(Entries taken from a collection)
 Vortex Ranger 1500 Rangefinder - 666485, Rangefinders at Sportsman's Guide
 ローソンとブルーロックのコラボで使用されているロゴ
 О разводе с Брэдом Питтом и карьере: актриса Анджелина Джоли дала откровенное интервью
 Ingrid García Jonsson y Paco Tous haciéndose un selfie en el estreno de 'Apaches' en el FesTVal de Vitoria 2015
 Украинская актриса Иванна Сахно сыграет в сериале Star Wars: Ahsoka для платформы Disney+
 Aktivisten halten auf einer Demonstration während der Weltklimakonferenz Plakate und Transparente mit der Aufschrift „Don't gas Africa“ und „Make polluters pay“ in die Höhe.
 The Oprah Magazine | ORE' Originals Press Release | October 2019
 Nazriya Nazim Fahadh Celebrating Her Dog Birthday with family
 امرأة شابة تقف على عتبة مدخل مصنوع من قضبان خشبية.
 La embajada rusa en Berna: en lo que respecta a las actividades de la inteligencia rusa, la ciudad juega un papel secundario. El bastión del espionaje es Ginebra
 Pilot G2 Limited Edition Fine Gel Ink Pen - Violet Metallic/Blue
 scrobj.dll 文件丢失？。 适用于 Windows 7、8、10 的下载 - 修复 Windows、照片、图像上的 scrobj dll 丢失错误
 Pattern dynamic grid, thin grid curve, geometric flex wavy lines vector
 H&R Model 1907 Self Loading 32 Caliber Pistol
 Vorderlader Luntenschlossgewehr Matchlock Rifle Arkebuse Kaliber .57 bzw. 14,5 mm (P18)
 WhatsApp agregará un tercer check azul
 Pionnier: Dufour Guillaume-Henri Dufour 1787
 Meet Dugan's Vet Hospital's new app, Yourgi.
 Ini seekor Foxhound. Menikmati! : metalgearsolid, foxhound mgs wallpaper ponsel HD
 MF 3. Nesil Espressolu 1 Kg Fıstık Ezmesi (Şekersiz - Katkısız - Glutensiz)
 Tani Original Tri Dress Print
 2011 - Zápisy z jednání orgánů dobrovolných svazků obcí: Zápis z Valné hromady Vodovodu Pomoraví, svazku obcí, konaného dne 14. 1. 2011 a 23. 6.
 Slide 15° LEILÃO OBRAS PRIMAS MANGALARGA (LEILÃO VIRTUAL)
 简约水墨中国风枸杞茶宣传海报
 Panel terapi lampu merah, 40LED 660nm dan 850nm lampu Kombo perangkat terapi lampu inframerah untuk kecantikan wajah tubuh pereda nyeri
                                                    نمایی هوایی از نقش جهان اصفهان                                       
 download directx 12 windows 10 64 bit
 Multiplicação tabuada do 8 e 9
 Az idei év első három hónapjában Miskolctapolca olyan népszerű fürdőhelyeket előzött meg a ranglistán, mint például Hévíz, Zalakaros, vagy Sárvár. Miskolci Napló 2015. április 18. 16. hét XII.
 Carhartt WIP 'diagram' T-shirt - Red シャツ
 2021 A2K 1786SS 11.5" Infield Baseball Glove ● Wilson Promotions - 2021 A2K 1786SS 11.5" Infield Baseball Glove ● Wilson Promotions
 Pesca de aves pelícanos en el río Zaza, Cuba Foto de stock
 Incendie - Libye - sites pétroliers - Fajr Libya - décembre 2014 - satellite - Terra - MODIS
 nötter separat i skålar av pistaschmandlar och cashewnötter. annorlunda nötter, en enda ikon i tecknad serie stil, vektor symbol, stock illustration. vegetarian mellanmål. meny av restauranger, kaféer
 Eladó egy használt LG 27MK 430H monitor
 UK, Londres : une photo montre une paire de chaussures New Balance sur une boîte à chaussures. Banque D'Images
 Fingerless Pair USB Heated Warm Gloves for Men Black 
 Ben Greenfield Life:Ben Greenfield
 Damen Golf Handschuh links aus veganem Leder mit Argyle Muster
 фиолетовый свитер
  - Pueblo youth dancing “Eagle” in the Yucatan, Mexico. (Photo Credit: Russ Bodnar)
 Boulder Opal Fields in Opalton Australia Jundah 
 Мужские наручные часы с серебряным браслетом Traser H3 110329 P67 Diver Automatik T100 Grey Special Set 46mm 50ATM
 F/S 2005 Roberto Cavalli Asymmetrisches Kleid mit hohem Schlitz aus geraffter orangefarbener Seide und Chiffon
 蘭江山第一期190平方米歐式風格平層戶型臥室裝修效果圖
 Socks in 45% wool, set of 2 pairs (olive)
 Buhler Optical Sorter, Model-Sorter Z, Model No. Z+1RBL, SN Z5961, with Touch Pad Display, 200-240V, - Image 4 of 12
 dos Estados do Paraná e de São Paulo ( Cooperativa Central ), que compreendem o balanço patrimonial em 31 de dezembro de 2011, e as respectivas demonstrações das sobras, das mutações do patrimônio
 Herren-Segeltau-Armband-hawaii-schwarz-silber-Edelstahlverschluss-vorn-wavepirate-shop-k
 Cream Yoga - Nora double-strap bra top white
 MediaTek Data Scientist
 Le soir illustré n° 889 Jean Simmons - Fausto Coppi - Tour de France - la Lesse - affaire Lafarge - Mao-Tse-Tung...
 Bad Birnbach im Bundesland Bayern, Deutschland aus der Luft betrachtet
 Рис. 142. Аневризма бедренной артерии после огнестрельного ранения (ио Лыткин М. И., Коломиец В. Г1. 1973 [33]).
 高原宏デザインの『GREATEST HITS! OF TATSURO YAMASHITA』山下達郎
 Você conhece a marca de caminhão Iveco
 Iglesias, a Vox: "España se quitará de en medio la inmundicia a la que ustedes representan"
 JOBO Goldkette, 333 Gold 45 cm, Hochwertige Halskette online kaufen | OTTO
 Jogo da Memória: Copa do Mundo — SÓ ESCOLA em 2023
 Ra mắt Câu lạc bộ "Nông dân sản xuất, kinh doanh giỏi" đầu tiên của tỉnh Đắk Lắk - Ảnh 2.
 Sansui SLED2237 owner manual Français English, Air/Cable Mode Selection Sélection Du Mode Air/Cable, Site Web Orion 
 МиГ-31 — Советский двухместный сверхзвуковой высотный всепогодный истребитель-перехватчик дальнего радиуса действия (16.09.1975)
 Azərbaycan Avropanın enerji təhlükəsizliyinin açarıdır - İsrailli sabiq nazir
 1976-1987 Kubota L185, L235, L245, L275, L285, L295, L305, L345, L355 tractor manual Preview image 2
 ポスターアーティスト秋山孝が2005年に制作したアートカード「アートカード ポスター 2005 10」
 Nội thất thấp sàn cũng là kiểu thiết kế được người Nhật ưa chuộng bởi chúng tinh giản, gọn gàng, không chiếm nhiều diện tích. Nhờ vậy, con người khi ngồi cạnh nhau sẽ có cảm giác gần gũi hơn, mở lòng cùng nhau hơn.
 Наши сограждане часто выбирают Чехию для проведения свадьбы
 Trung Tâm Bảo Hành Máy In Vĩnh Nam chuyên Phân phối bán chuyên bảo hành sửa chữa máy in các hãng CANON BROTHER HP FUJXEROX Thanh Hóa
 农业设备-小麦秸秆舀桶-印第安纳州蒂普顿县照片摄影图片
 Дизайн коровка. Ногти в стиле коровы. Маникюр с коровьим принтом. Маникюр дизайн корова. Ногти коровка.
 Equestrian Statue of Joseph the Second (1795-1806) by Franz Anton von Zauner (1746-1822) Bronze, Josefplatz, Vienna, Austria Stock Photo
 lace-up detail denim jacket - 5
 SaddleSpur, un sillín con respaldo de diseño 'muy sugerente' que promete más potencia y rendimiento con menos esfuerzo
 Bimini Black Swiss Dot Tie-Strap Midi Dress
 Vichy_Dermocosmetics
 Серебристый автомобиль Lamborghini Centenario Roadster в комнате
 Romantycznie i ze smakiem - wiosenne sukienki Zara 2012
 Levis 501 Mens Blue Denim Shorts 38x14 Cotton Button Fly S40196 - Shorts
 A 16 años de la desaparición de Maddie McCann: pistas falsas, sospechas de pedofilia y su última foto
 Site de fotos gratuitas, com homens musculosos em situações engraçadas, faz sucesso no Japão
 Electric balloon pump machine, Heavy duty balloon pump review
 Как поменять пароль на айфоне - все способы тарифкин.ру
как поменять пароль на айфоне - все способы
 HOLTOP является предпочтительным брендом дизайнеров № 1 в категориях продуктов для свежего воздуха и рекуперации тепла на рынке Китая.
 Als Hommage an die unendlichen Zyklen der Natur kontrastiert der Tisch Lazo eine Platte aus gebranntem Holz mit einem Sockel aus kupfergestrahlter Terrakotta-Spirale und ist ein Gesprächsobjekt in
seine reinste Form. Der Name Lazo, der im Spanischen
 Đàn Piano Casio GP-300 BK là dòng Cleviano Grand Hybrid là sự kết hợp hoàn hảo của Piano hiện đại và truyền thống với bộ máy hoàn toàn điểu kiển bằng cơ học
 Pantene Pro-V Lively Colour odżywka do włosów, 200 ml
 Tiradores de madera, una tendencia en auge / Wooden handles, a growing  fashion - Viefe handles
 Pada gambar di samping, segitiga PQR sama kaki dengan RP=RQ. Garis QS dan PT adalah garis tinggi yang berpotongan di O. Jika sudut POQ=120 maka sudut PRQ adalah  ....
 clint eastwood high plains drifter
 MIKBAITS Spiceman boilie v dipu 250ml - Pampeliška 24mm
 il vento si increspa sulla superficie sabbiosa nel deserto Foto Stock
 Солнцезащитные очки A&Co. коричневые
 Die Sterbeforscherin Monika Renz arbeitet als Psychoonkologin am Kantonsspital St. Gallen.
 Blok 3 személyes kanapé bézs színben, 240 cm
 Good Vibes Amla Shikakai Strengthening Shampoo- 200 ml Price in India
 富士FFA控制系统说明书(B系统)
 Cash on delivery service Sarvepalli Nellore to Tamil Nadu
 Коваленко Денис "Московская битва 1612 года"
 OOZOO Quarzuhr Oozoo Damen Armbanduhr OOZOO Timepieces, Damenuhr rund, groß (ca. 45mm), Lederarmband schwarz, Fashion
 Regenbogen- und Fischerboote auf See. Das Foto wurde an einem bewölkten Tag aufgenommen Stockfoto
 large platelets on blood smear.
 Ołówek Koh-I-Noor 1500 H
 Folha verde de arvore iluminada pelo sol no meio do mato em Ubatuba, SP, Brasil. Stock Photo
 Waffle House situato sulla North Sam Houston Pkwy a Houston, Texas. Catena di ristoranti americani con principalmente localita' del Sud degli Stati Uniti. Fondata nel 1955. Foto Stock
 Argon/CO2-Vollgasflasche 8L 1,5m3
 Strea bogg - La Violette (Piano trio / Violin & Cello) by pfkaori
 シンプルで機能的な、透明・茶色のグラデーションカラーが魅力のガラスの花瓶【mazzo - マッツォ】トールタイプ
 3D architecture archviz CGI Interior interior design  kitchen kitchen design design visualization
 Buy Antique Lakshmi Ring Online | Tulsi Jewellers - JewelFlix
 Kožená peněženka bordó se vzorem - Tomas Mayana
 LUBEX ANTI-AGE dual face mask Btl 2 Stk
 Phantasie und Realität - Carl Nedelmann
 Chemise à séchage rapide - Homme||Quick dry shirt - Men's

* _Task to complete_:
Set down, exactly as they appear above, all lines from the one that has "Дизайн коровка. Ногти" down to the one that has "lace-up detail denim jacket - 5", including those two and no others.

* _Solution for this task_:
 Дизайн коровка. Ногти в стиле коровы. Маникюр с коровьим принтом. Маникюр дизайн корова. Ногти коровка.
 Equestrian Statue of Joseph the Second (1795-1806) by Franz Anton von Zauner (1746-1822) Bronze, Josefplatz, Vienna, Austria Stock Photo
 lace-up detail denim jacket - 5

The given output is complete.